My posts on this subject are mere reflections on the subject for what they are worth. However, I have had the privilege of serving as a pastor in three local congregations over the past nineteen years. Every year, I become more committed to expository preaching and more convinced of its necessity and power in the life of the local church and in the individual lives of those who submit themselves to the regular exposition of Scripture.
Biblical Justification for Expository Preaching
Having defined expository preaching as that form of preaching that begins with the Scriptures and is structured around the Scriptures’ intended meaning and form, what biblical justification can be made for asserting that this kind of preaching is the purest and most proper form of biblical preaching? The clearest biblical injunction to preach in an expository manner is found in 2 Timothy 4:2: “preach the word.” If this exhortation is to be seriously applied, then the sermon must not be derived from a topic, but rather, “the word.” Such, “word” based preaching is also biblically exemplified as well. When Israel returned from Babylonian captivity and began rebuilding the wall and the city, she was freshly exposed to the law of God and subsequent spiritual renewal. How did Israel’s leaders expose the congregation to the law? Nehemiah 8:7, 8 indicates, “. . . the Levites explained the law to the people while the people remained in their place. They read from the book, from the law of God, translating to give the sense so that they understood the reading.”
Such verse-by-verse exposition finds few friends among modern day topical preaching proponents. Rick Warren indicates that he himself spent two and a half years preaching expositionally through the book of Romans to his congregation. However, he argues that expository preaching (text based rather than topic driven), will not result in the attraction and thus the conversion of the lost. He further suggests that his approach of beginning with a secular subject is precisely how the apostle Paul began his ministry to the lost, especially at the Areopagus in Athens.[1]
However, a careful examination of the entire context of Acts 17:16-34 demonstrates something quite contrary to Warren’s suggestion. Acts 17:17 indicates how Paul began his ministry in Athens. “So he was reasoning in the synagogue with the Jews and the God-fearing Gentiles, and in the market place every day with those who happened to be there.” But where did Paul begin in his reasoning with these “unbelievers?” Earlier in Acts 17:2-3, Paul’s general course of “reasoning” is portrayed. “And according to Paul’s custom, he went to them, and for three Sabbaths reasoned with them from the Scriptures, explaining and giving evidence that the Christ had to suffer and rise again from the dead . . .” Paul did not attempt to attract seekers with secular topics or quotes from unbelieving philosophers. He began with the Scriptures and explained Jesus and the resurrection. In fact, that is precisely what Paul was preaching in Athens when he was pulled up to the Areopagus to give an account for his comments. “And also some of the Epicurean and Stoic philosophers were conversing with him. Some were saying, “ËWhat would this idle babbler wish to say?’ Others, “ËHe seems to be a proclaimer of strange deities,’ – because he was preaching Jesus and the resurrection“ (Acts 17:18, emphasis mine). Contrary to Warren’s suggestion, even when Paul arrived to defend himself before the court of the Areopagus, he did not base his messages upon a quotation from a secular philosopher. Rather he began with references to creation and the supremacy of the one true God. His brief allusion to a secular poet was not even central to his argument. The Scriptures were his basis and beginning point.

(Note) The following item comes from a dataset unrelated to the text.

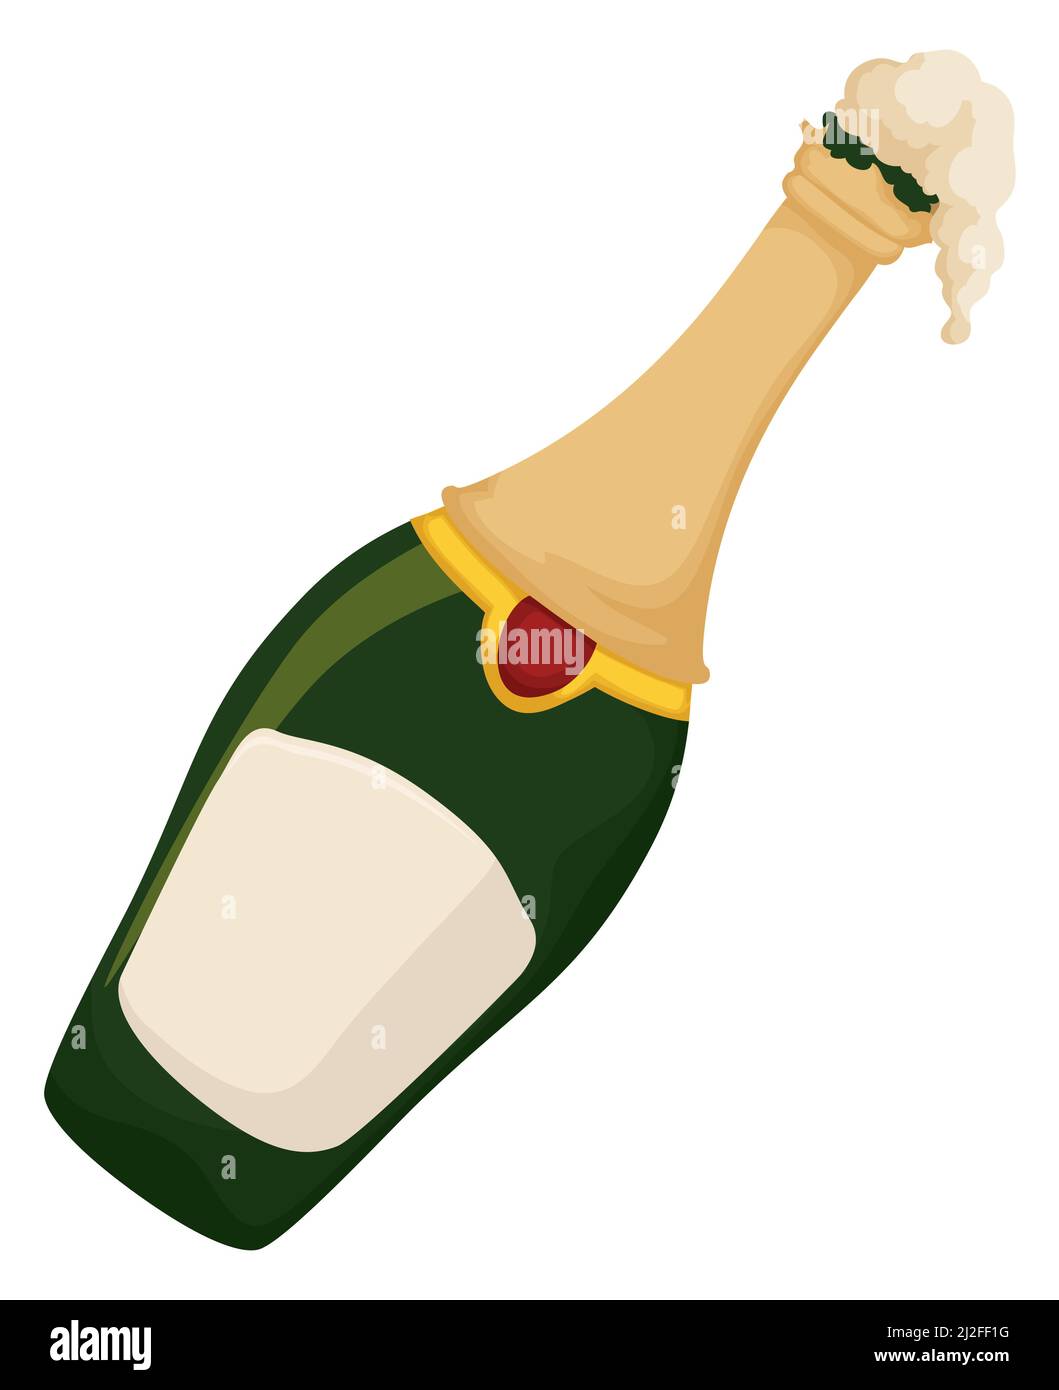 Une délicieuse bouteille de champagne mousseuse et penchée dans un style de dessin animé, prête à être ravie lors d'événements spéciaux. Illustration de Vecteur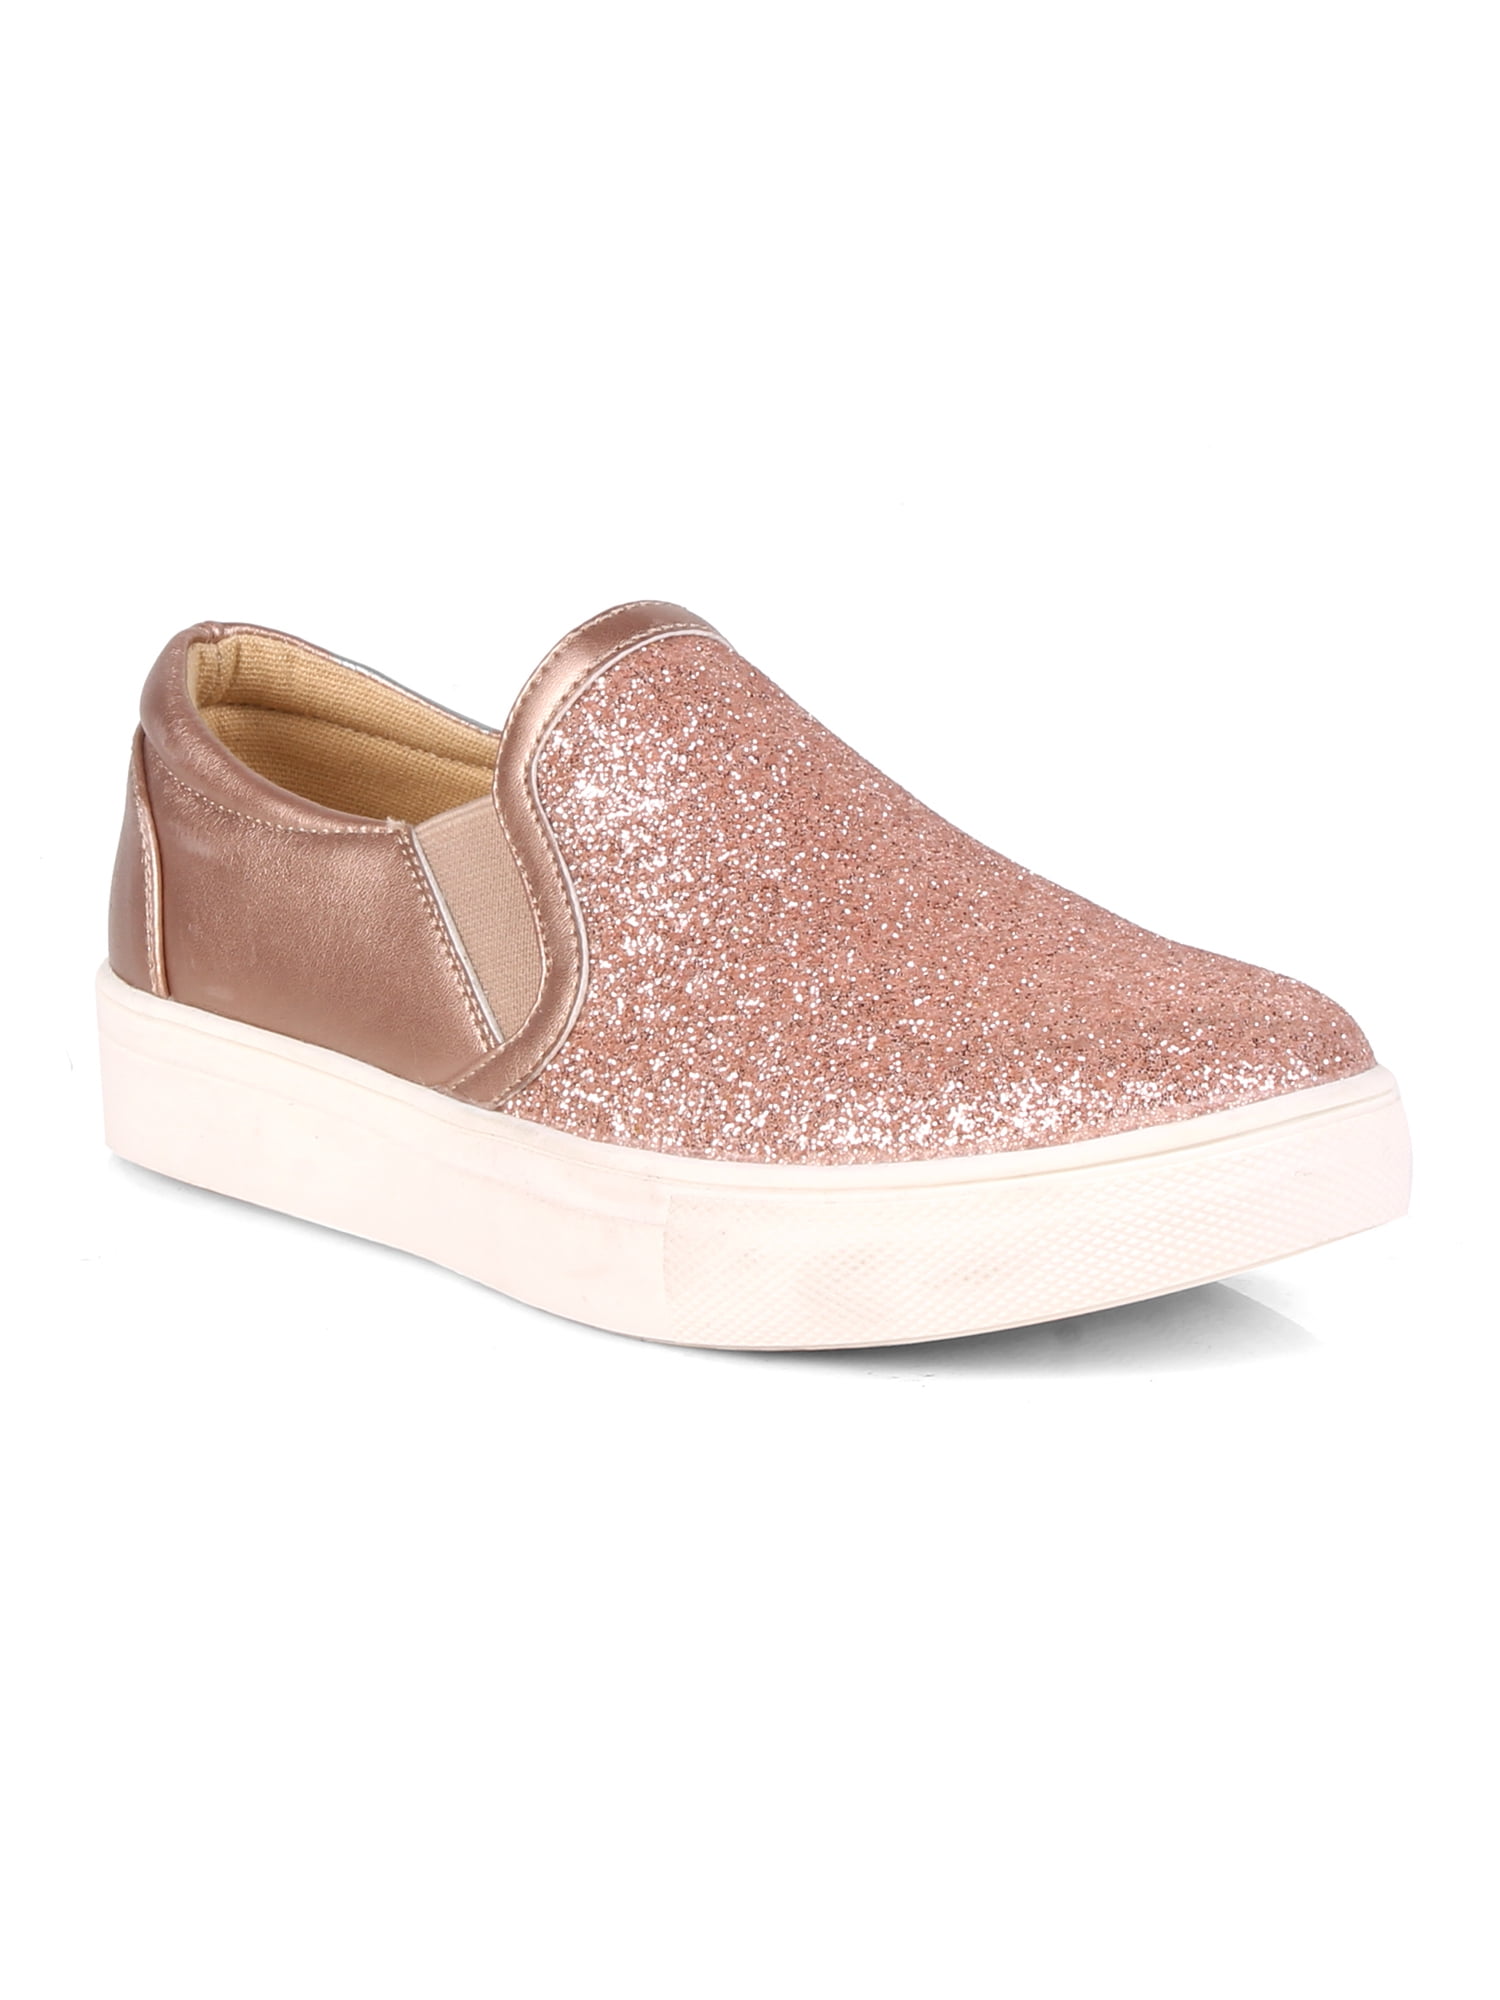 Slip On Glitter Women's Sneakers in Champagne - Walmart.com

The same idea could be said of Peter on the Day of Pentecost when he exposited Joel 2:28-32 (Acts 2:14-21) to a crowd of unbelieving Jews, among whom 3,000 were converted that very day. Stephen also preached an expositional message to the unbelieving religious leaders of Israel before he was stoned (Acts 7). The biblical exhortation and examples argue for the kind of preaching that begins with the Bible and exposes the listener to its intended meaning, urging them to make accurate use of it. I am not suggesting, however, that a preacher should not introduce an expository message with a contemporary illustration. Contemporary illustrations are not what Rick Warren and other topical-driven preachers are advocating. Rather than move from an illustration to a given biblical text, many topical sermons tend to start with a secular topic and pre-conceived idea and use various quotations and expression to support the idea, many of which may be biblical texts. I am arguing that such is not what the Bible exemplifies.
Today I had the privilege to sit in a lecture on the life, ministry and theology of Jonathan Edwards, by Dr. John Hannah. One of the points Dr. Hannah drove home today was in regard to why preachers like Edwards (or Calvin and Luther for that matter) did not give themselves to the kind of exegetical preaching that I would be arguing for in these series of posts. He reminded us that the culture was far more biblically literate than our own. We are essentially illiterate when it comes to knowing Scriptures. Edwards could take a portion of a verse and explain briefly its context and basic meaning and then move to more theological, rational and application, because his congregation was so well versed in the Bible. One of the clear reasons why biblical preaching is so necessary today is because we are, for the most part, so woefully lacking in our exposure to, let alone our understanding of even the basics of the Bible. Expository preaching, in my estimation, is precisely what our generation is in most need.